Although FIGS. 1-14 illustrates specific example configurations of the various components of the system 100, the system 100 may include any configuration of the components, which may include using a greater or lesser number of the components. For example, the system 100 is illustratively shown as including a first user device 102, a second user device 111, a communications network 135, a server 140, a server 145, a server 150, a server 160, and a database 155. However, the system 100 may include multiple first user devices 102, multiple second user devices 111, multiple communications networks 135, multiple servers 140, multiple servers 145, multiple servers 150, multiple servers 160, multiple databases 155, and/or any number of any of the other components inside or outside the system 100. Similarly, the system 100 may include any number of integrated circuits 201, deep learning accelerators 203, model workbenches 401, papers 406, online repositories 410, system profiles 416, search spaces, layers, blocks, modules, models, repositories, or a combination thereof. Furthermore, in certain embodiments, substantial portions of the functionality and operations of the system 100 may be performed by other networks and systems that may be connected to system 100.

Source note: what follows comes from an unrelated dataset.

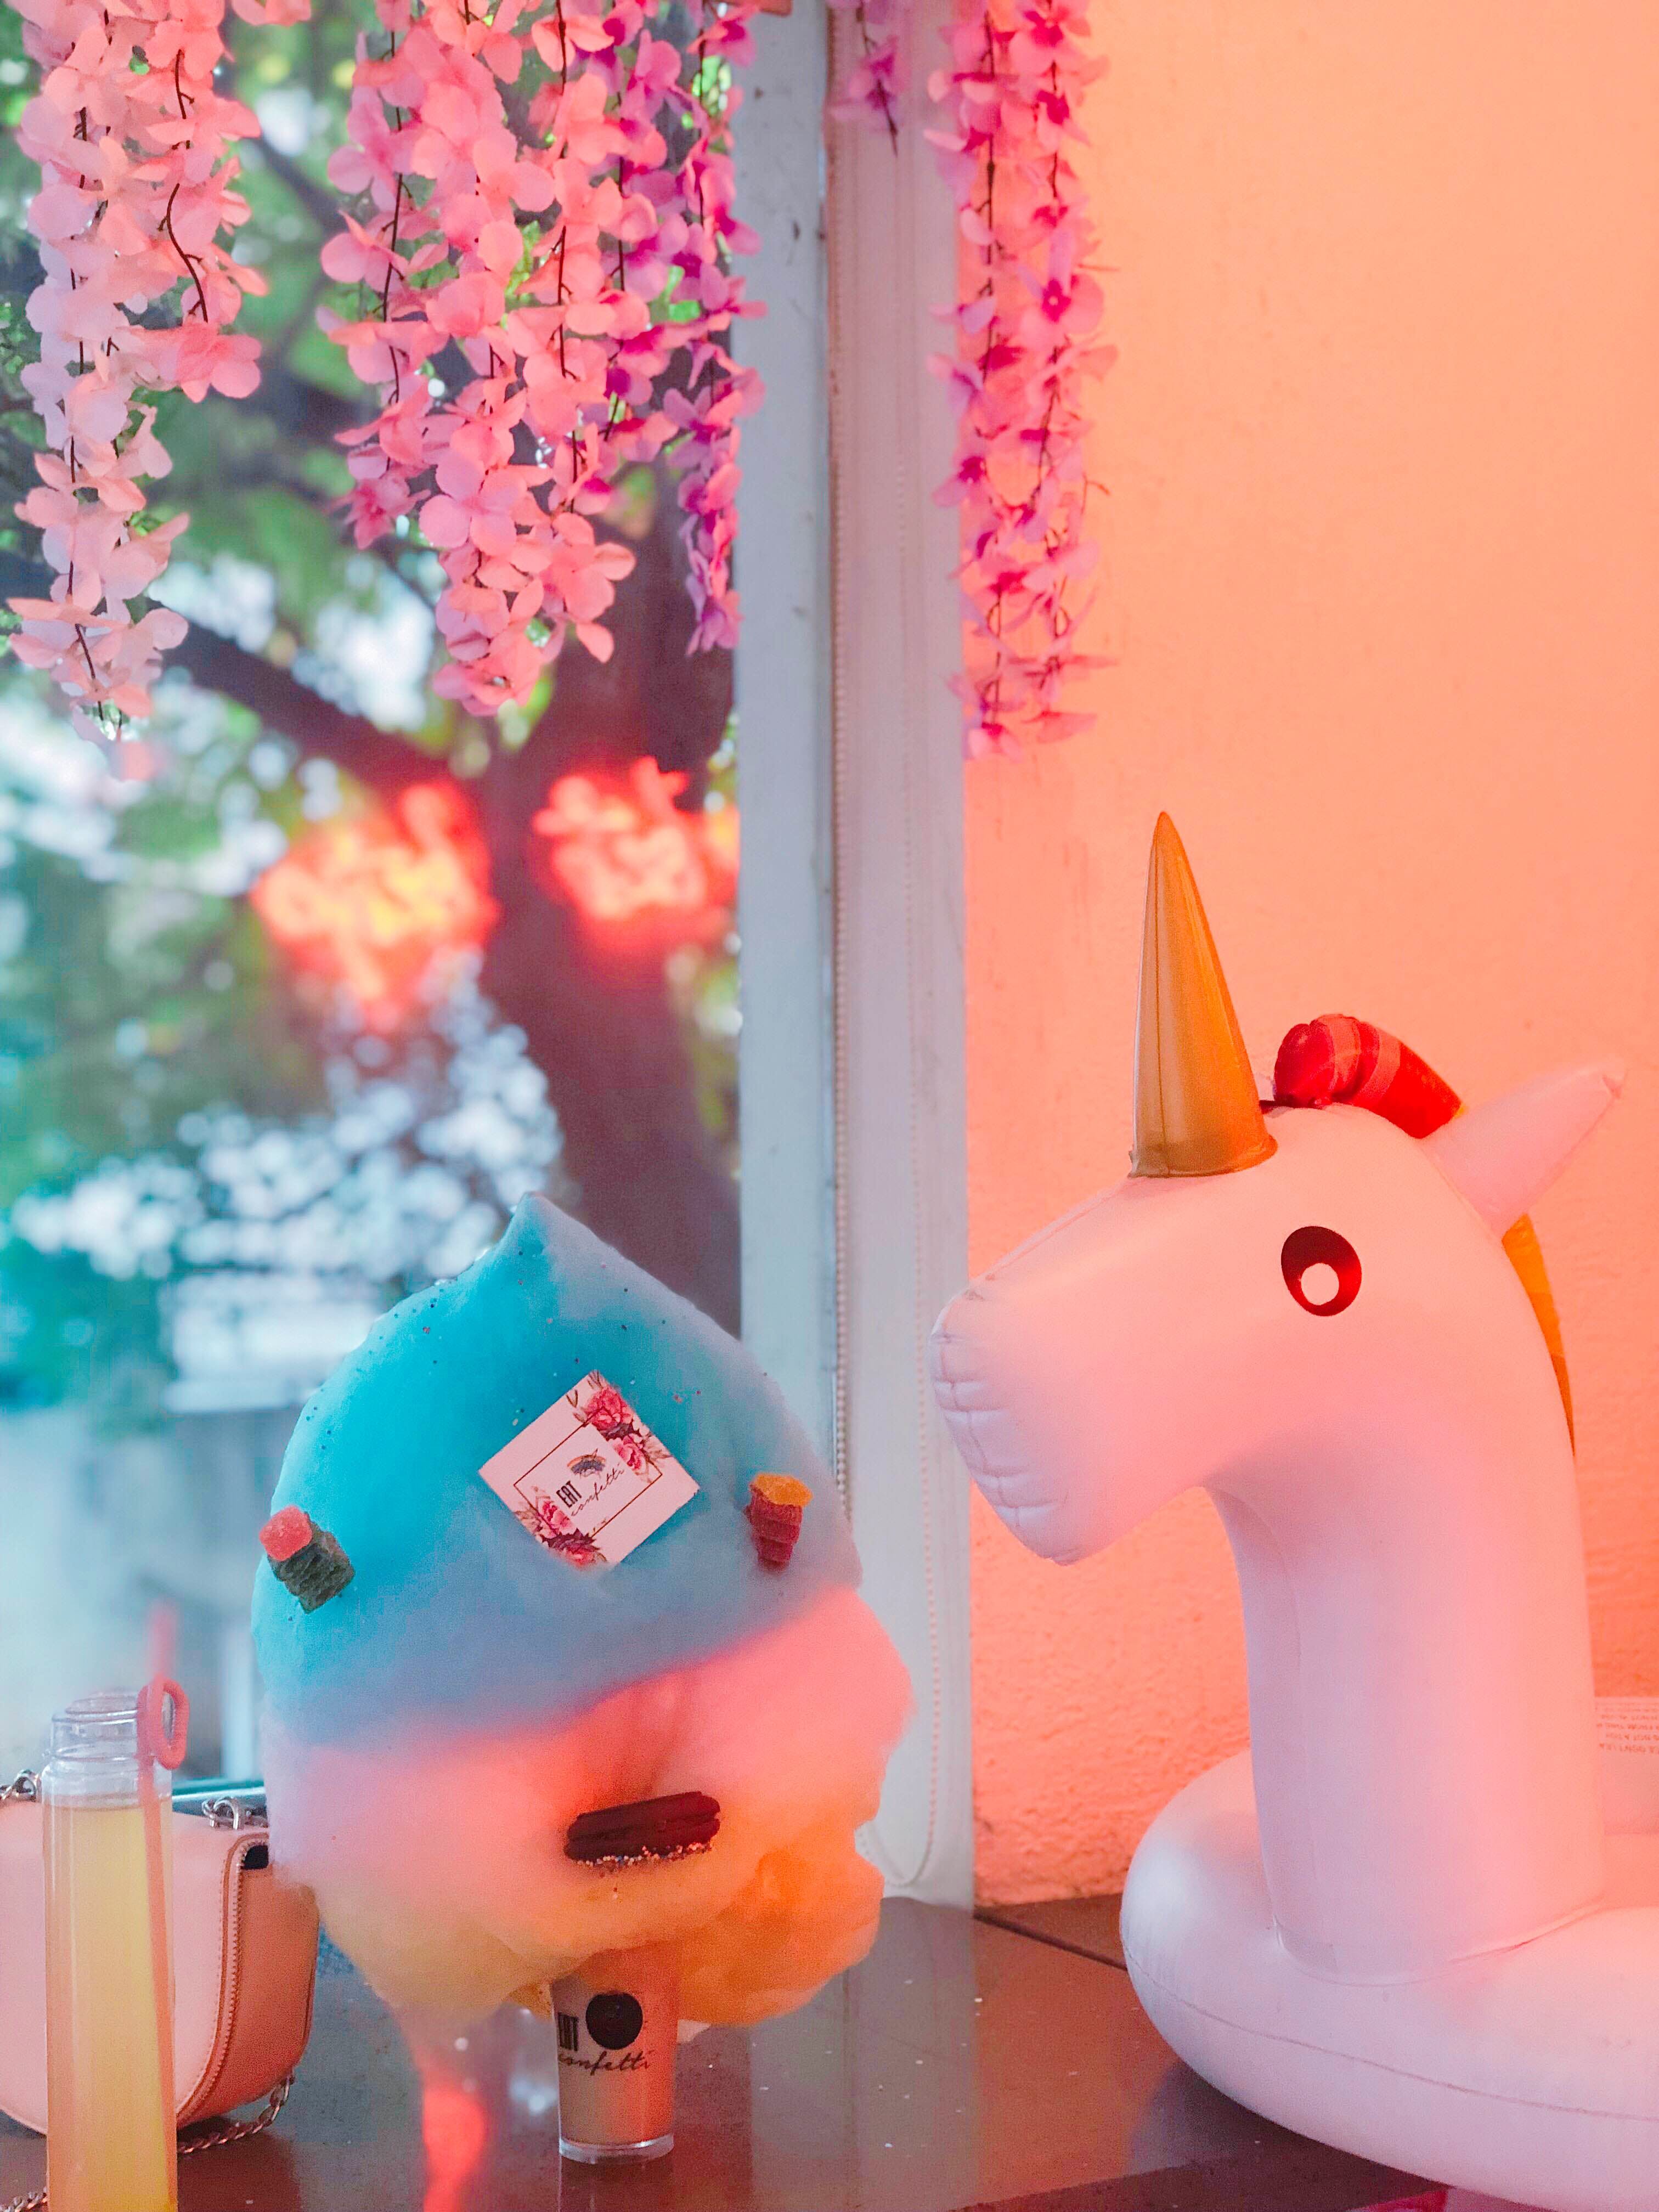 Love All Things Confetti, Candy Floss And Unicorn ? 
Head Over To Eat Confetti

Referring now also to FIG. 14 , FIG. 14 illustrates a method 1400 for providing neural network model definition code generation and optimization according to embodiments of the present disclosure. For example, the method of FIG. 14 can be implemented in the system of FIG. 1 and/or any of the other systems, devices, and/or componentry illustrated in the Figures. In certain embodiments, the method of FIG. 14 can be performed by processing logic that can include hardware (e.g., processing device, circuitry, dedicated logic, programmable logic, microcode, hardware of a device, integrated circuit, etc.), software (e.g., instructions run or executed on a processing device), or a combination thereof. In some embodiments, the method of FIG. 14 may be performed at least in part by one or more processing devices (e.g., processor 102, processor 112, processor 141, processor 146, processor 151, and processor 161 of FIG. 1 ). Although shown in a particular sequence or order, unless otherwise specified, the order of the steps in the method 1400 may be modified and/or changed depending on implementation and objectives. Thus, the illustrated embodiments should be understood only as examples, and the illustrated processes can be performed in a different order, and some processes can be performed in parallel. Additionally, one or more processes can be omitted in various embodiments. Thus, not all processes are required in every embodiment. Other process flows are possible.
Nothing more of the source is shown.